Exercise prompt:
Each line of the listing below, from the very first to the one that contains "34-beautiful-hanging-garden-ideas-33", is to be retyped exactly as it stands.

*** Input material ***

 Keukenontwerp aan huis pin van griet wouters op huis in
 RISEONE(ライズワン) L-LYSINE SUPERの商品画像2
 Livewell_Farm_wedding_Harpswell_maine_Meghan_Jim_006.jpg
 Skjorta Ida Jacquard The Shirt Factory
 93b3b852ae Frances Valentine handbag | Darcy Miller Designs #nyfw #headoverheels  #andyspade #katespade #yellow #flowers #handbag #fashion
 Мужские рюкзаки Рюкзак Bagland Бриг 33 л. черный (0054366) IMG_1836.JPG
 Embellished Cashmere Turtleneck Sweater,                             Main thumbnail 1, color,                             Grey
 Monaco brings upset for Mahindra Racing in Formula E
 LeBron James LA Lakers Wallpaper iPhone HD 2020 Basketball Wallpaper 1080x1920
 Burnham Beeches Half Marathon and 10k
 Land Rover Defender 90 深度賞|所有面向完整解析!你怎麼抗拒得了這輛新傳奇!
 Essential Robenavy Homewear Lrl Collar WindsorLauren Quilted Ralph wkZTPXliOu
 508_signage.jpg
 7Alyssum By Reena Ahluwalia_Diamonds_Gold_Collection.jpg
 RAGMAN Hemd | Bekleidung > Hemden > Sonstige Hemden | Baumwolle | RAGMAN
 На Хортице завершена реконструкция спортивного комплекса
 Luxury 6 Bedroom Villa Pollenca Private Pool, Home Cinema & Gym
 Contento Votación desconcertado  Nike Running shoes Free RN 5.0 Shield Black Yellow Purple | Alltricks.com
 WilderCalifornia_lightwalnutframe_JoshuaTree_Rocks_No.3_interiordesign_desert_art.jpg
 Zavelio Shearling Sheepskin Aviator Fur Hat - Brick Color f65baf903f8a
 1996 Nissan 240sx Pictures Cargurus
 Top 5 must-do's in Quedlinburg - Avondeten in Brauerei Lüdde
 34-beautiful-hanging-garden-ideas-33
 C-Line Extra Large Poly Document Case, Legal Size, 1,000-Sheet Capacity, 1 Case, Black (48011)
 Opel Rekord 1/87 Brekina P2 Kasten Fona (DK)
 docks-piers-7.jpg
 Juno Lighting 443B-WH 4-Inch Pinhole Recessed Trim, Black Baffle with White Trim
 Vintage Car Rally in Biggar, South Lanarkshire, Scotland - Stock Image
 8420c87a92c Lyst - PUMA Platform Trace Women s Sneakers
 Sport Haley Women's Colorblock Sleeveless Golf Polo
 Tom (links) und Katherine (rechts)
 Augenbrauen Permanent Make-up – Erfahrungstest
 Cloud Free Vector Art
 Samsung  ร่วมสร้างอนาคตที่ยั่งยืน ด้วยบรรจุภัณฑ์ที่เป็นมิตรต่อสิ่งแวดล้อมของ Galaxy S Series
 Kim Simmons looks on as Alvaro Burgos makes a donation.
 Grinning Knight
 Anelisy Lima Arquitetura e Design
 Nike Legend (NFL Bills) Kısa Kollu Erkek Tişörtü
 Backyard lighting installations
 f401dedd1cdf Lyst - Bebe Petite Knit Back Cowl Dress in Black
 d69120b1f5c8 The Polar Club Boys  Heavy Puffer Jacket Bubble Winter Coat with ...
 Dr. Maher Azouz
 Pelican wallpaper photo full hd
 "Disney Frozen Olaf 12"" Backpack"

*** End of Input material ***

Answer area:
 Keukenontwerp aan huis pin van griet wouters op huis in
 RISEONE(ライズワン) L-LYSINE SUPERの商品画像2
 Livewell_Farm_wedding_Harpswell_maine_Meghan_Jim_006.jpg
 Skjorta Ida Jacquard The Shirt Factory
 93b3b852ae Frances Valentine handbag | Darcy Miller Designs #nyfw #headoverheels  #andyspade #katespade #yellow #flowers #handbag #fashion
 Мужские рюкзаки Рюкзак Bagland Бриг 33 л. черный (0054366) IMG_1836.JPG
 Embellished Cashmere Turtleneck Sweater,                             Main thumbnail 1, color,                             Grey
 Monaco brings upset for Mahindra Racing in Formula E
 LeBron James LA Lakers Wallpaper iPhone HD 2020 Basketball Wallpaper 1080x1920
 Burnham Beeches Half Marathon and 10k
 Land Rover Defender 90 深度賞|所有面向完整解析!你怎麼抗拒得了這輛新傳奇!
 Essential Robenavy Homewear Lrl Collar WindsorLauren Quilted Ralph wkZTPXliOu
 508_signage.jpg
 7Alyssum By Reena Ahluwalia_Diamonds_Gold_Collection.jpg
 RAGMAN Hemd | Bekleidung > Hemden > Sonstige Hemden | Baumwolle | RAGMAN
 На Хортице завершена реконструкция спортивного комплекса
 Luxury 6 Bedroom Villa Pollenca Private Pool, Home Cinema & Gym
 Contento Votación desconcertado  Nike Running shoes Free RN 5.0 Shield Black Yellow Purple | Alltricks.com
 WilderCalifornia_lightwalnutframe_JoshuaTree_Rocks_No.3_interiordesign_desert_art.jpg
 Zavelio Shearling Sheepskin Aviator Fur Hat - Brick Color f65baf903f8a
 1996 Nissan 240sx Pictures Cargurus
 Top 5 must-do's in Quedlinburg - Avondeten in Brauerei Lüdde
 34-beautiful-hanging-garden-ideas-33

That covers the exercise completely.